The interrogator stood up and paced the length of the small cell before returning to face Andrews, "We know who you are, Mr. Thomas Andrews. It's just a matter of who you're working for. We don't like moles here."

"What's a mole?" Andrews asked, feigning innocence.

"Don't play games with me, Mr. Andrews - I'm not in the mood for it! You came highly recommended from Paramount Pictures, that's how you got into Harlington-Straker studios. But, who do you really work for?"

"I don't have anything to hide," Andrews shrugged, "I'm just Tom Andrews, set designer, expatriate American. I've stayed here because I like the money and I like the country. What's so cloak and dagger about that?"

Andrews watched the Slavic man take something out of his jacket pocket, "Recognize this?" It was his pen-comm.

Again, Andrews tilted his head, "Looks like a ballpoint pen to me."

"Oh, no, Mr. Andrews. It's much more than that," he handed it over, "Why don't you show me how it works?"

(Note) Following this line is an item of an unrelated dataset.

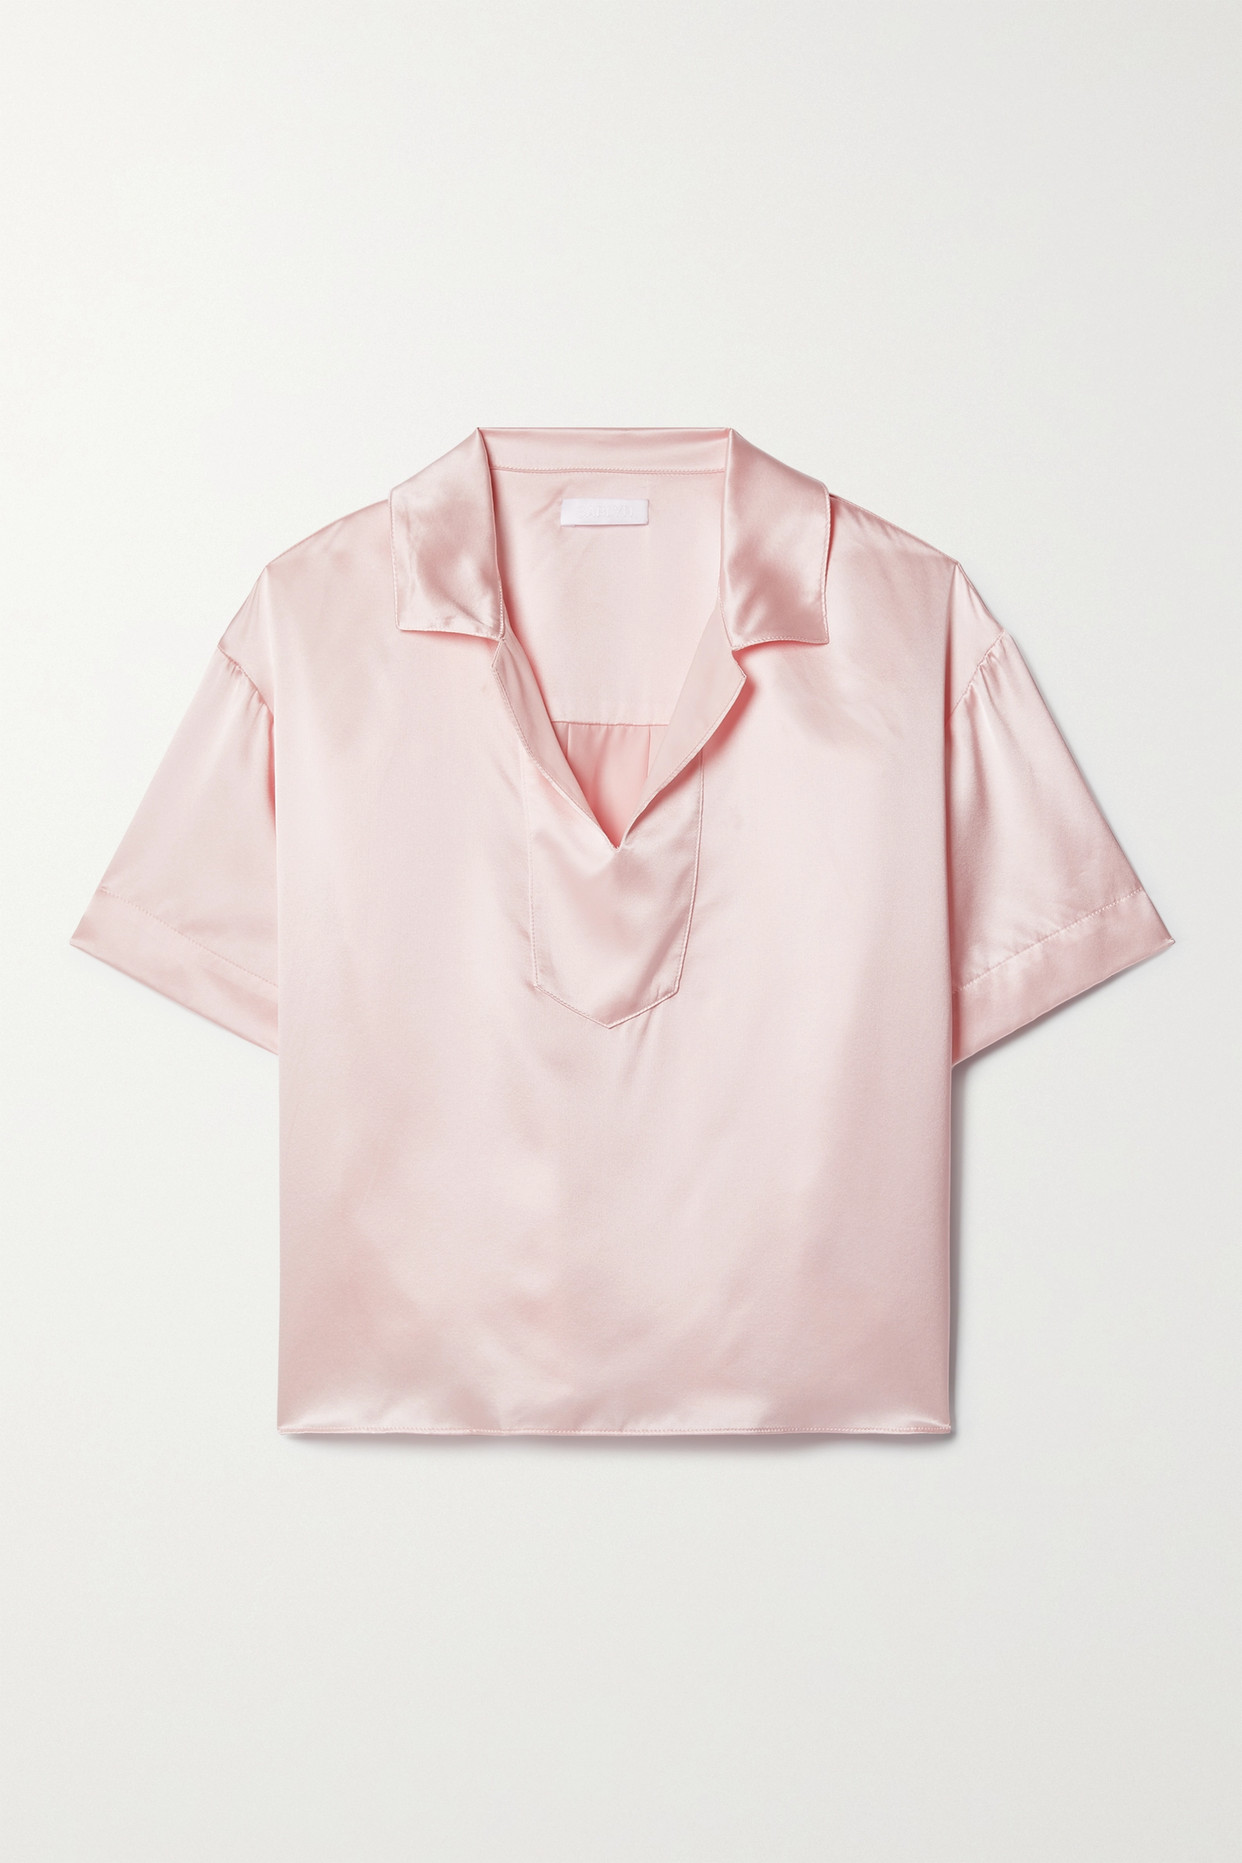 Sablyn Valeria Silk-satin Blouse In Pink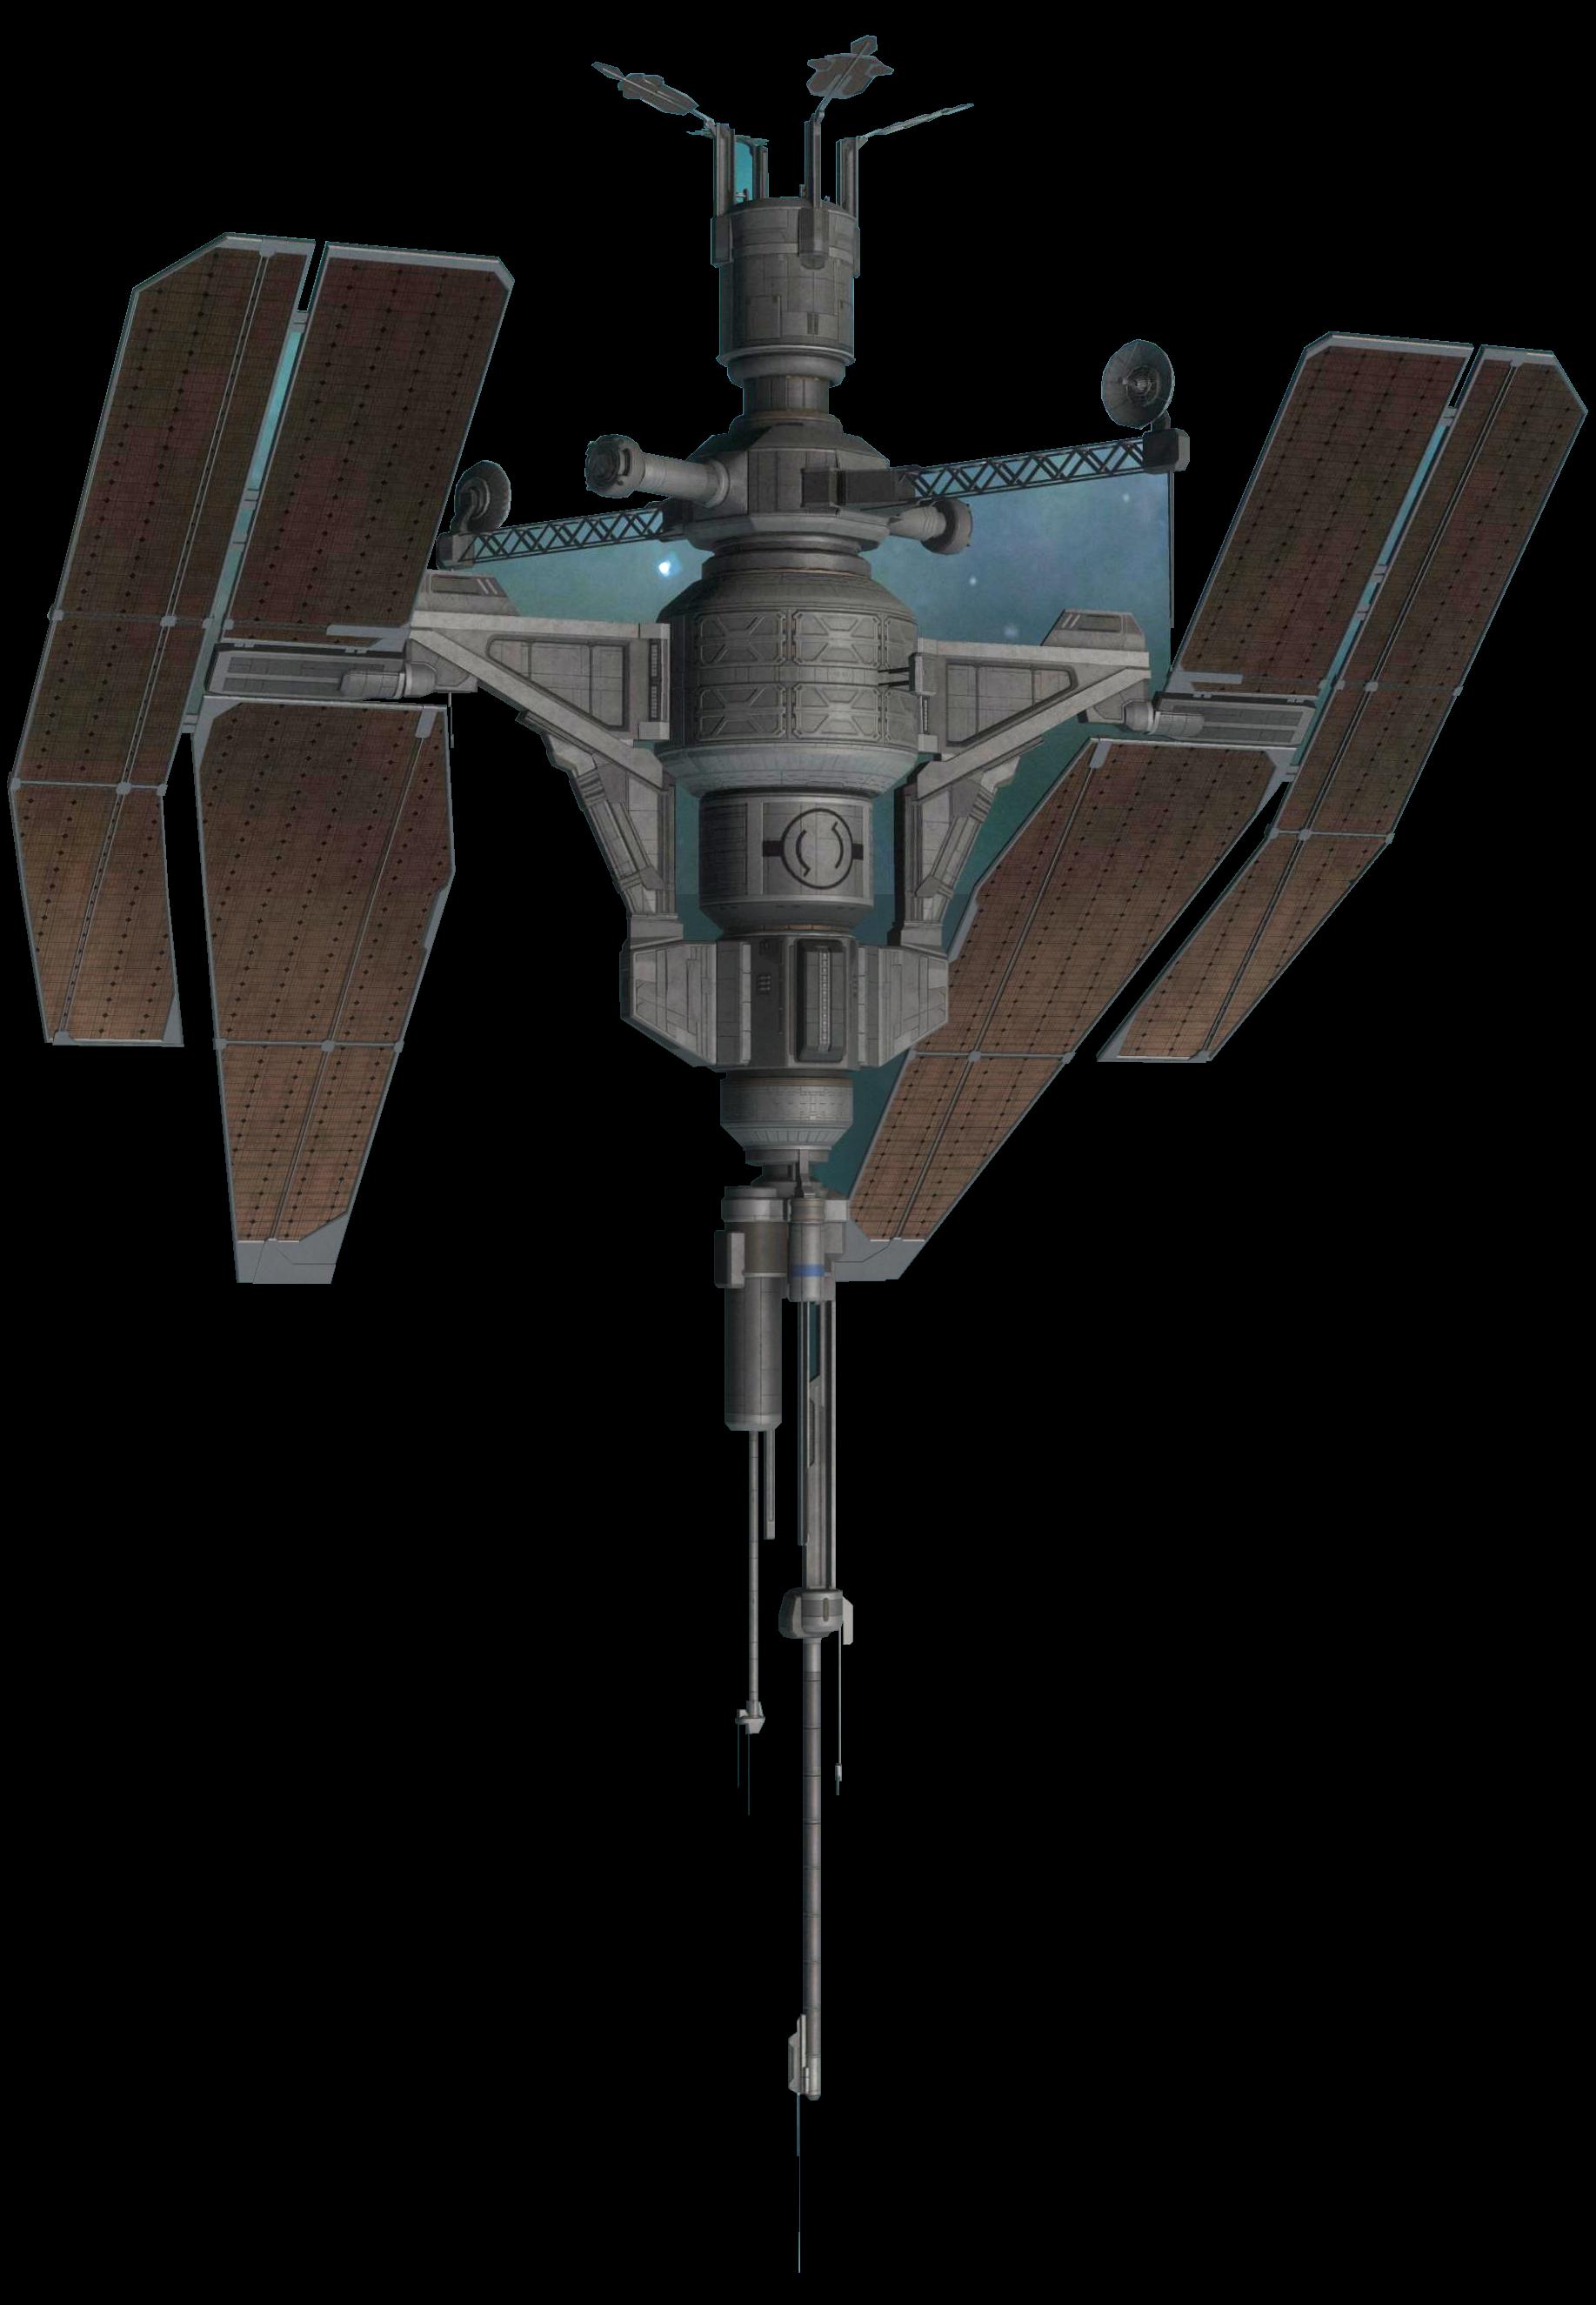 Baliza RA-15

"Have you got a piece of paper?"

"I don't believe you're that obtuse," the interrogator snagged the pen-comm back quickly. He held it up in front of Andrews' face, "We know this is some sort of communications device. Our labs can take it apart and find out how it works, but it would be so much easier to have you do it for us," there was that smarmy smile again.

"Other than writing a message down with that thing, I don't see what else I could do with it."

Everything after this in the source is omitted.